Optimising Cloudfront from a Sitecore perspective

Why use AWS Cloudfront?

Recently I’ve been doing an extensive amount of work with both AWS and Sitecore, with site performance and reliability being the main aim. What this led to is us analysing how we use Cloudfront as a CDN, and offloading as much as we can over to it. As such I thought I’d write up a few of the tips I picked up along the way, relating not just to Sitecore, but Cloudfront in general.

Generally, people use Cloudfront for serving images, although you can serve other static assets, or even serve a whole site through the platform. It allows for edge caching, which means geolocated servers, which of course means a fast website.

Have a test environment that matches your production environment

This is probably the golden rule when implementing systems like these, since you don’t want to be trying out new settings on a production instance. I’ve seen many implementations where people try to spend a bit less by not having the infrastructure of the test environments match that of production, and while obviously they don’t need to be of the same scale, the setup should be similar. This carries over to Cloudfront, where a test distribution is probably the only way to reliably test new Cloudfront behaviour settings, as well as new functionality in your webapp coexisting with Cloudfront.

Get familiar with the cache statistics page

cache-statistics-1

The cache statistics page should be your first port of call when testing or debugging your Cloudfront distribution, as it provides very useful, detailed statistics on how well your distribution is working. With time, you want to be aiming for a hitrate above 99% for your assets to maximise the efficiency of the cache. Tweaking the behaviour settings for your distribution to achieve this can be somewhat of a trial and error process, since every webapp has different requirements, but as a starting point I’d recommend leaning towards anything that improves caching, then adapting based on testing your implementation.

Here are some example settings from one of our projects, however you will need to tweak things based on your specific needs.

cache-settings-1

cache-settings-2

Another neat little trick you can do is to set the header in the Chrome dev tools to show on network requests, so you can get a nice overview of your assets and what is and isn’t hitting Cloudfront.

This is done by simply right clicking on the column names in the network tab, selecting “Manage Header Columns…” and adding a custom column called “x-cache” which is the header that Cloudfront returns.

cache-header-1

Once you’ve done this you should be able to see which assets are and are not hitting Cloudfront.
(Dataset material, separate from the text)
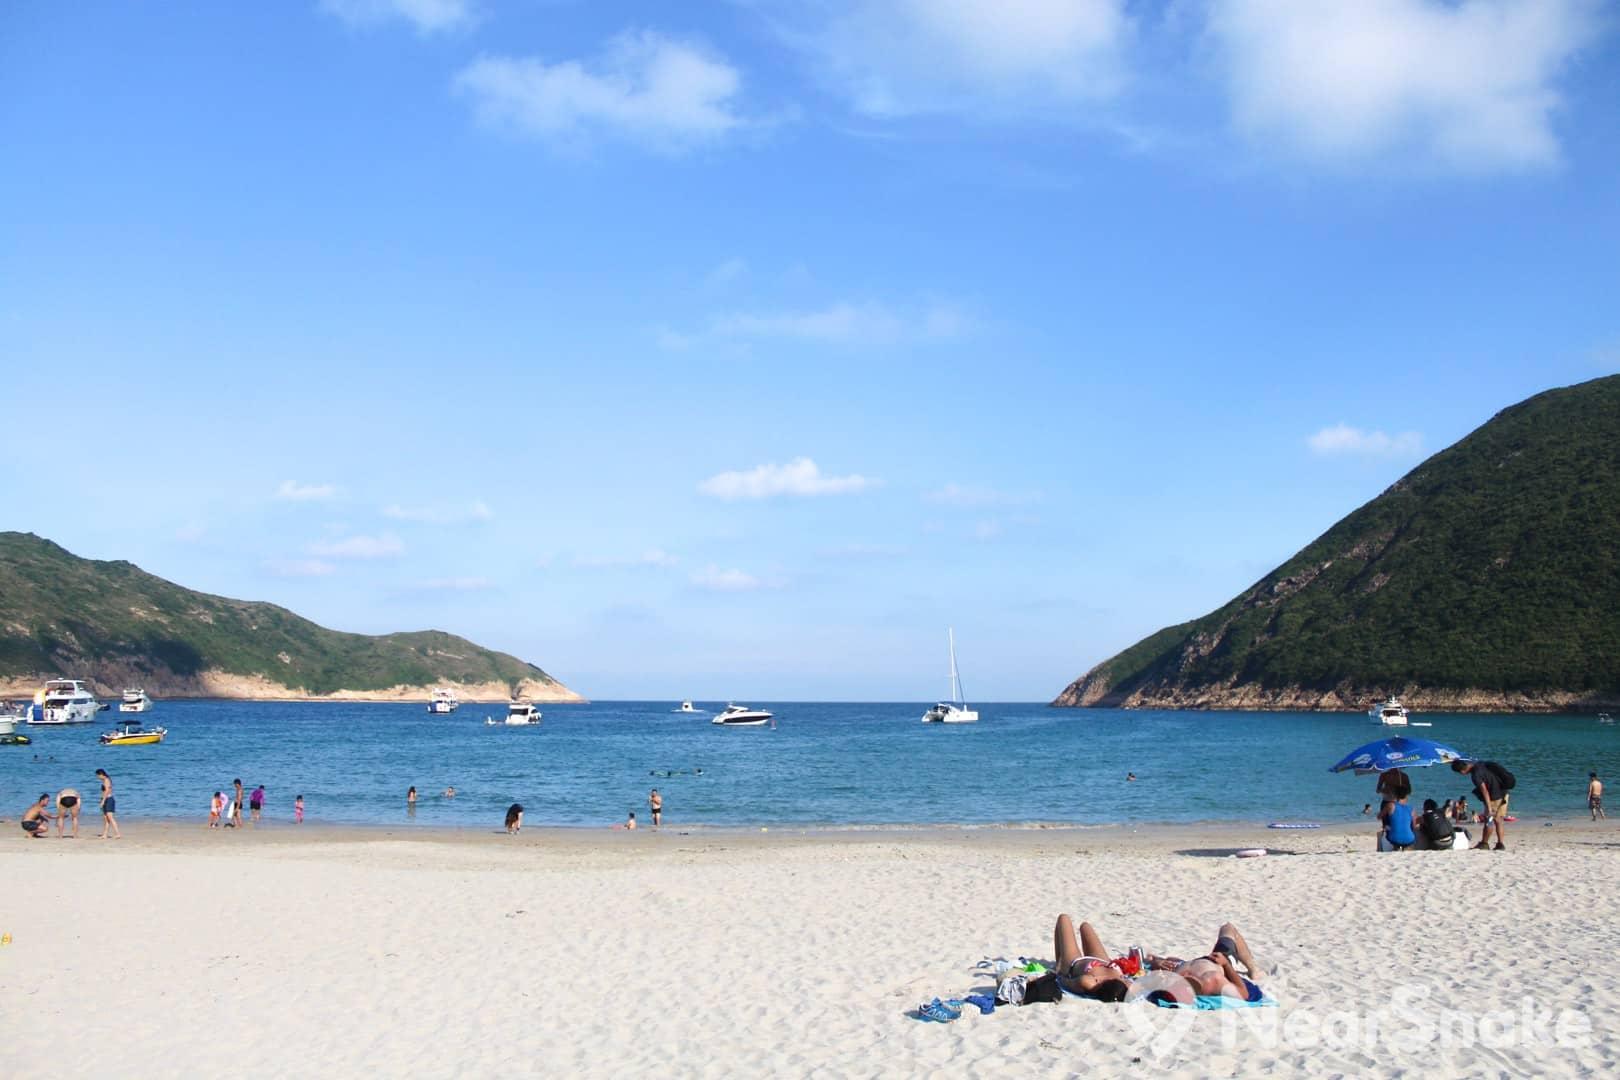 在浪茄灣靜聽海浪聲,豔陽下睡個午覺,懶洋洋又過一天。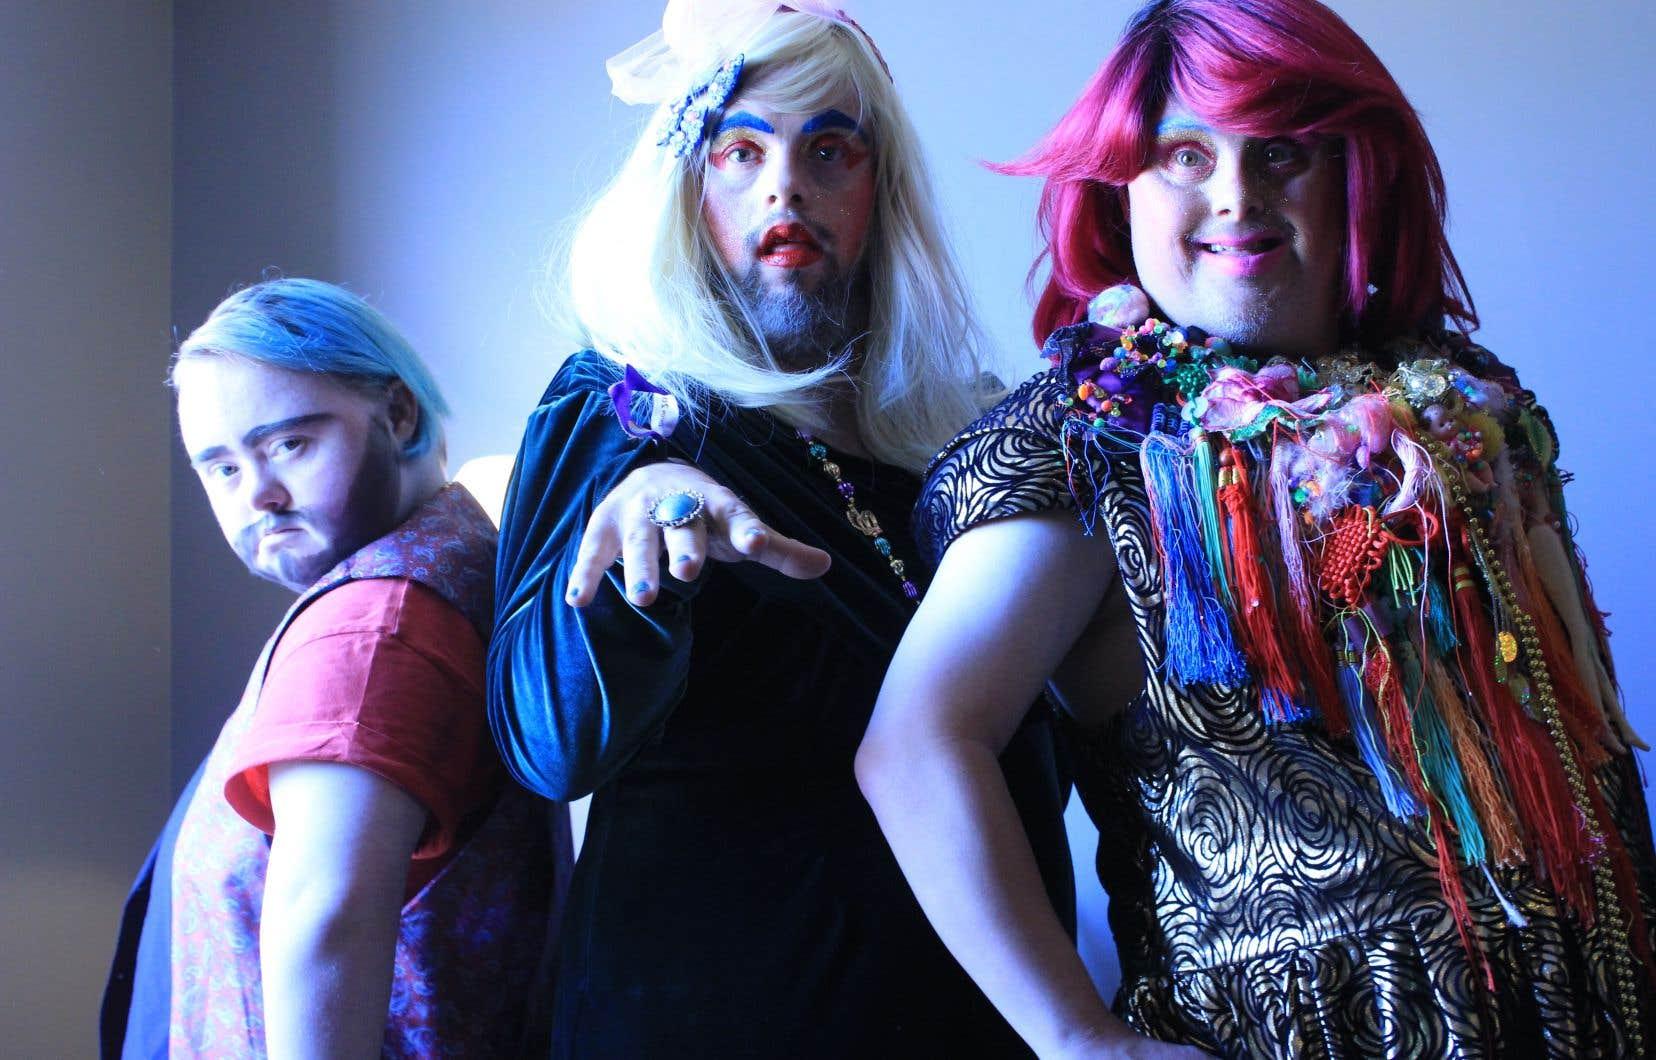 Derrière les perruques, le strass et les maquillages, une certaine conception de la dignité humaine précède la formation de Drag Syndrome.

Bear in mind however this is just from your machine, and should be taken with a pinch of salt; people in other parts of the world or with different setups or request headers could have a totally different experience.

cache-header-2

Offload everything you can

This one might be obvious but you want to be offloading everything you can to the CDN, not just images. If you can offload scripts, styles and fonts, then you should. You can even take it further and offload api endpoints if the data is unlikely to change. One setting we use is that we cache based on query string; this lets us bust the cache for new deployments of the site, as we have version query strings for our static assets. Caching based on query string also means that your images can pass through height and width parameters, or any custom image parameters you might have, caching the end result flawlessly.

A common gotcha for fonts is CORS, as since you most likely will be serving your static assets from another domain, CORS will block them without the correct configuration. We got around this by allowing for GET, HEAD and OPTIONS methods, as well as passing through the “Access-Control-Allow-Origin” header. Bear in mind this will also require a bit of work on your webapp, to pass through the relevant header. More information on this can be found in this stack overflow post here.

Sitecore of course has its own HTML caching functionality and you should lean on this heavily for pages instead of using Cloudfront, as otherwise functionality such as A/B testing, personalization and even publishing won’t work correctly. But aside from this, practically everything is fair game.

The Sitecore Changes

The Sitecore configuration changes are actually relatively simple, although if you’re using any computed fields or link generation outside of the standard out of the box functionality, it can get a little complicated. Assuming you’re just looking at the default, the main point of integration is that of the MediaProvider. You’ll need a configuration such as the following:

Then that provider should extend the default MediaProvider, and override GetMediaUrl with your own implementation. This is so we can make sure that modifications and new versions of the image pull through. There’s a nice implementation from the incredibly knowledgeable JammyKam here, as well as a lot of really useful tips for Cloudfront’s Azure counterpart.

An alternative approach would be to hash the image and use that as a query string, but when looking into this bear in mind this is different from the current hash that Sitecore puts in the request query string, which is described here. and worth thinking about if you have any issues with resizing.

With this in place, you should see your images in preview be using the new CDN url you’ve specified, though note in the example above, the role definition requires the role of content delivery, which I’d recommend to make sure there isn’t any crazy experience editor issues.